Check Logs with Kibana

Kibana is the web based front end GUI for Elasticsearch. It can be used to search, view, and interact with data stored in Elasticsearch indices. Advanced data analysis and visualize can be performed with the help of Kibana smoothly.

We have completed an end to end production environement ELK stack configuration with the previous chapter. In this chapter, we will use Kibana to explore the collcted data.

Index Patterns

The first time you login Kibana (http://<IP or FQDN>:5601), a hint as In order to visualize and explore data in Kibana, you’ll need to create an index pattern to retrieve data from Elasticsearch will be shown on the top of the page and a shortcut to create an index pattern is shown:

_images/kibana_1st_prompt.png

An index pattern tells Kibana which Elasticsearch indices you want to explore. It can match the name of a single index, or include a wildcard (*) to match multiple indices. But wait, what is an index? An index is a kind of data organization mechanism on how your data is stored and indexed. Every single piece of data sent to Elasticsearch actually is targging at an index (stored and indexed). To retrieve data, we of course need to let Kibana know the data souce (index patterns). Please refer to this blog for more details on index.

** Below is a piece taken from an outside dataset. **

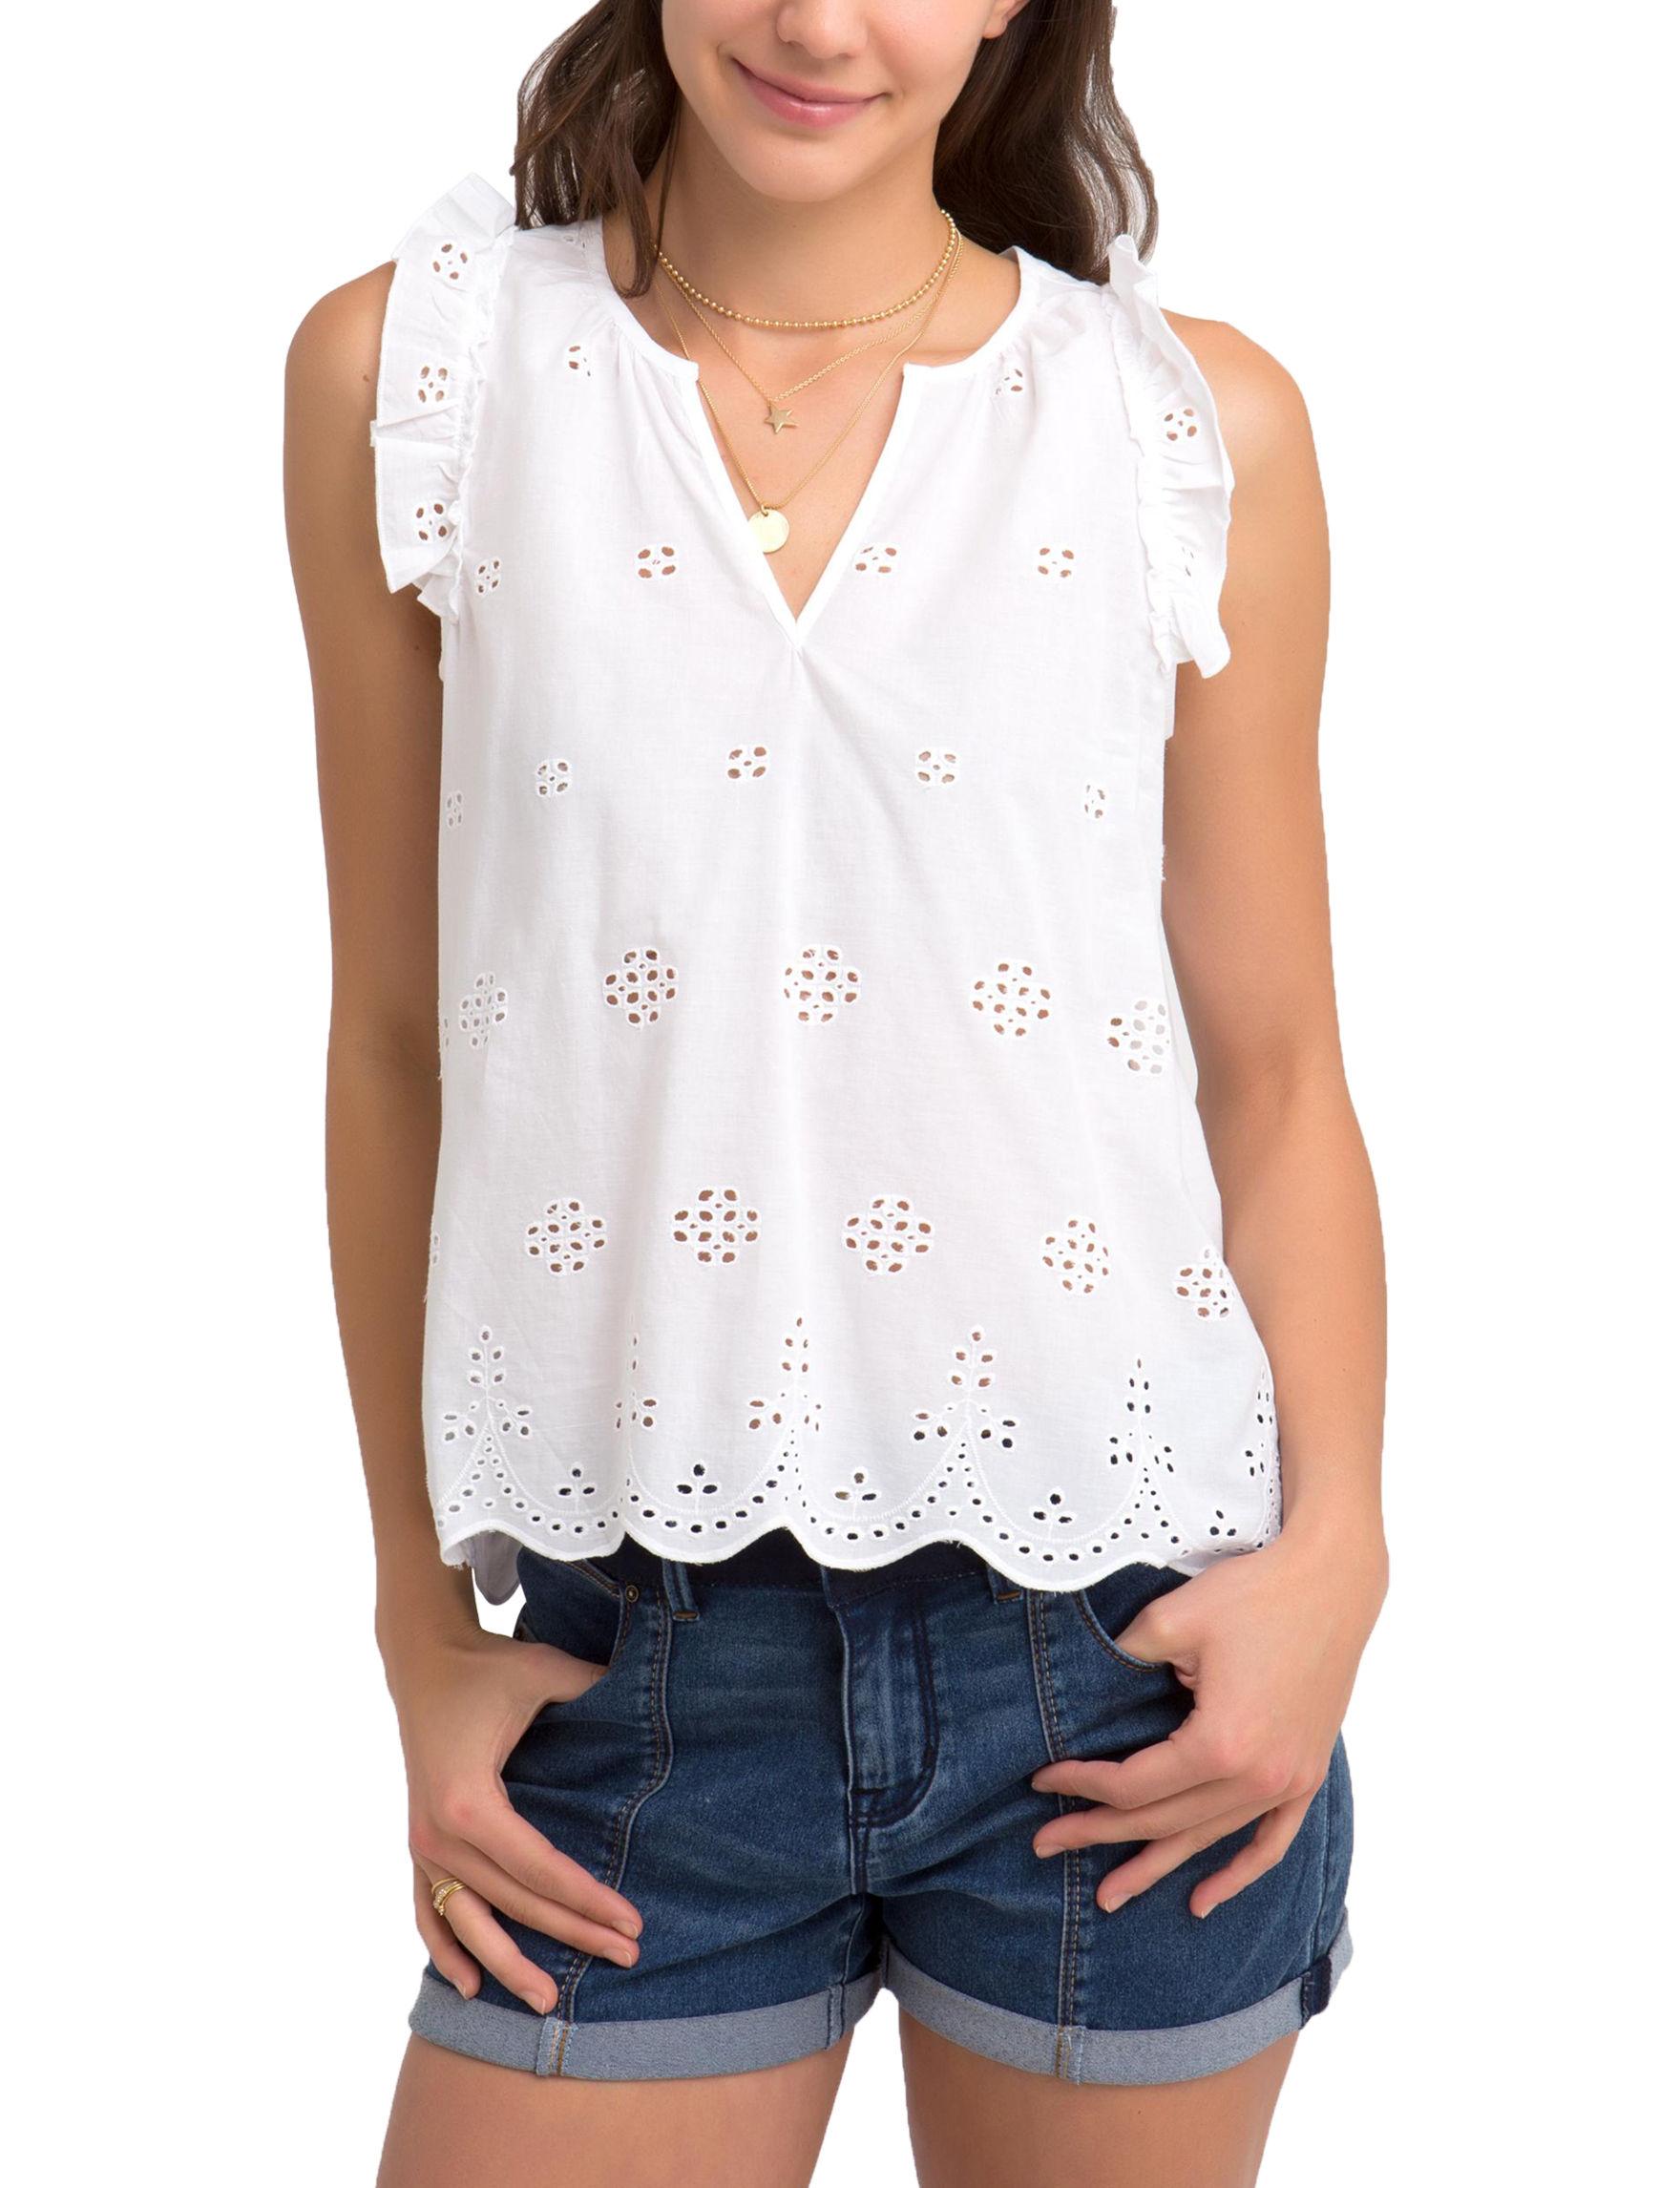 U.S. Polo Assn. White Shirts & Blouses

To create index patterns, it is recommended to conduct the operation from the Management view of Kibana:

  1. Go to the “Management” view, then check available indices (reload indices if there is none):

    _images/kibana_index_mgmt.png
  2. Based on the name of existing indices, created index patterns:

    _images/kibana_index_pattern_1.png _images/kibana_index_pattern_2.png _images/kibana_index_pattern_3.png
  3. We create index patterns for logstash and filebeat:

    _images/kibana_index_pattern_4.png

After creating index patterns, we can start exploring data from the Discover view by selecting a pattern:

KQL Basics

To smooth the exprience of filtering logs, Kibana provides a simple language named Kibana Query Lanagure (KQL for short). The syntax is really straightforward, we will introduce the basics in this section.

Simple Match

Syntax:

<field name>: <word to match>

Example:

  • response:200
    • Search documents (log records) which have a field named “response” and its value is “200”

Quotes Match

Syntax:

<filed name>: "<words to match>"

Example:

  • message:”Quick brown fox”
    • Search the quoted string “Quick brown fox” in the “message” field;
    • If quotes are not used, search documents which have word “Quick” in the “message” field, and have fields “brown” and “fox”

Complicated Match

Syntax:

  • Logical combination: and, or, not
  • Grouping : ()
  • Range : >, >=, <, <=
  • Wildcard : *

Examples:

  • response:200 and extension:php
    • Match documents whose “response” field is “200” and “extension” field is “php”
  • response:200 and (extension:php or extension:css)
    • Match documents whose “response” field is 200 and “extension” field is “php” or “css”
  • response:200 and not (extension:php or extension:css)
    • Match documents whose “response” field is 200 and “extension” field is not “php” or “css”
  • response:200 and bytes > 1000
    • Match documents whose “response” field is 200 and “bytes” field is in range larger than “1000”
  • machine.os:win*
    • Match documents whose “machine” field has a subfield “os” and its value start with “win”, such as “windows”, “windows 2016”
  • machine.os.*:”windows 10”
    • Match documents whose “machine” field has a subfiled “os” which also has subfileds and any of such subfields’ value contains “windows 10”

Explore Real Data

We have introduced index patterns and KQL, it is time to have a look at real data in our production setup. All log records will be structured as JSON documents as we previously introduced, and Kibana will show a summary for related indices as below once an index pattern is selected:

_images/kibana_explore.png

As we said, log records will be formated/structured as JSON documents. Bug how? Actually, there is term called mapping, which performs the translation work from the original format (such as text) to JSON. Since logstash and filebeat already have internal mapping defined, we do not need to care about the details. What we should know is that the JSON documents from different data input (logstash, filebeat, etc.) may be different because of the mapping. For more information on mapping, please refer to the offical introduction.

Below are JSON document samples from different input type:

  • logstash:

    _images/kibana_logstash_json.png
  • filebeat:

    _images/kibana_filebeat_json.png

Based on the samples, we see each document consist of a few fields. These fields are the key for filtering. For example, we can filter logs which are from “xio” with hostname “e2e-xio-071222” and not related with “InfiniBand” as below:

_images/kibana_search_kql.png

Pretty easy, right? There is no more magic for this! Just specify your KQL with fields and value expressions, that is all!

Save Search/Query

It is a frequent request that we want to classify logs based on different condtions. Of course, we can achieve this by using different KQL expressions, but keeping inputting KQL expressions is not a comfortable way. Kibana provides the functions to save your search/query and replay them on demand.

_images/kibana_search_save.png _images/kibana_search_replay.png

Conclusion

Using Kibana explore logs is as easy as we introcued above. Although its usage is easy and straightforward, it is powerful enough covering our daily log processing tasks.